HC Deb 11 June 1869 vol 196 cc1589-90
MR. STAVELEY HILL

said, he wished to ask the Under Secretary of State for Foreign Affairs, Whether a first-class pension of £1,700 can be awarded to a Diplomatist after a service of fifteen years; and whether a fourth-class pension of £700 cannot now be awarded after a service of twenty-five years, or an actual service of ten years, from date of first commission?

MR. OTWAY

, in reply, said, as there appeared to have been some misapprehension on this subject, he would state the conditions under which diplomatic pensions were at present granted. Under the Act 2 & 3 Will, IV., c. 116, no diplomatic pension could be granted to any person until after the expiration of fifteen years from the date of the first commission, nor until after he should have actually served ton years.
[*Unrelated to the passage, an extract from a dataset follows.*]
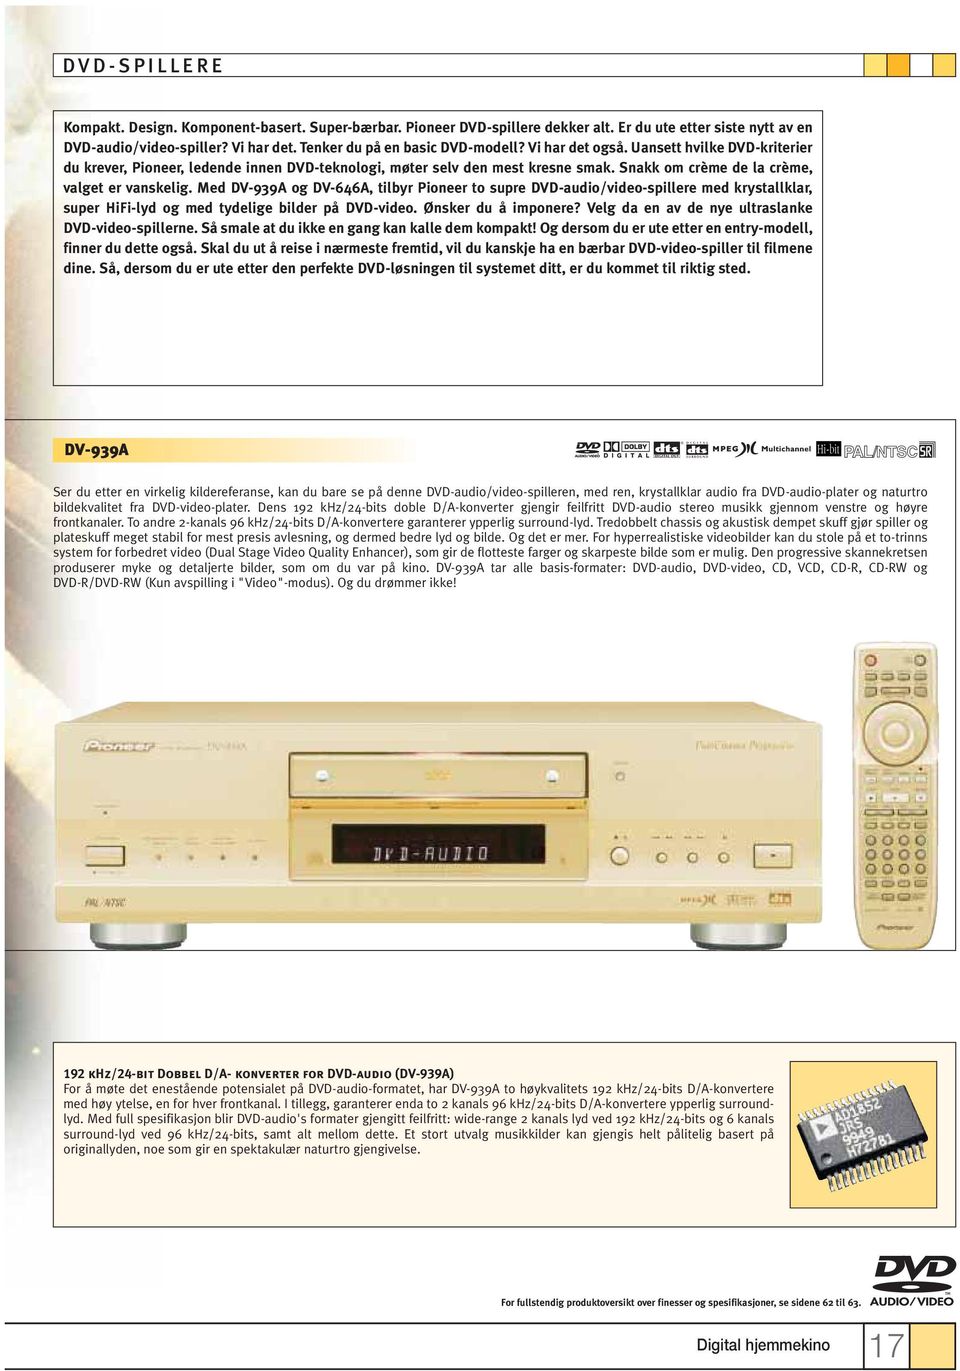 Med DV-939A og DV-646A, tilbyr Pioneer to supre DVD-audio/video-spillere med krystallklar, super HiFi-lyd og med tydelige bilder på DVD-video. Ønsker du å imponere?

But, if, in the course of these ten years, he had served three years as Ambassador at some foreign Court, he would be entitled to receive a first-class pension of £1,700. A fourth-class pension, not exceeding £700 a year, might be granted fifteen years after the date of the first commission; if the person had actually served ten years at some foreign Court. In the whole diplomatic service there were but four persons enjoying a first-class pension. One of these was Lord Napier, whose pension was at present in abeyance owing to his being Governor of Madras; he had served twenty-five years, five years of which as Ambassador. Another was Lord Stratford de Redcliffe, whose service commenced in 1807, and terminated in 1858; he had been more than five years an Ambassador before his pension was granted. The third was Lord Cowley, who entered the diplomatic service in 1824, and retired in 1867, having served continuously for forty-three years, of which thirteen and a-half as Ambassador, before his pension was granted. The last was Sir Henry Bulwer, who entered the diplomatic service in 1827, and retired in 1865, after thirty-eight years' service, of which seven were passed as Ambassador. Although under the Act diplomatists were entitled to pensions for the terms he had stated, practically the length of service for which pensions were granted was much more extensive than was required by the Act. After fifteen years, according to the Act, a man became entitled to a pension; practically the time was twenty years, because during the first four years of service he received no pay, nor had he a commission.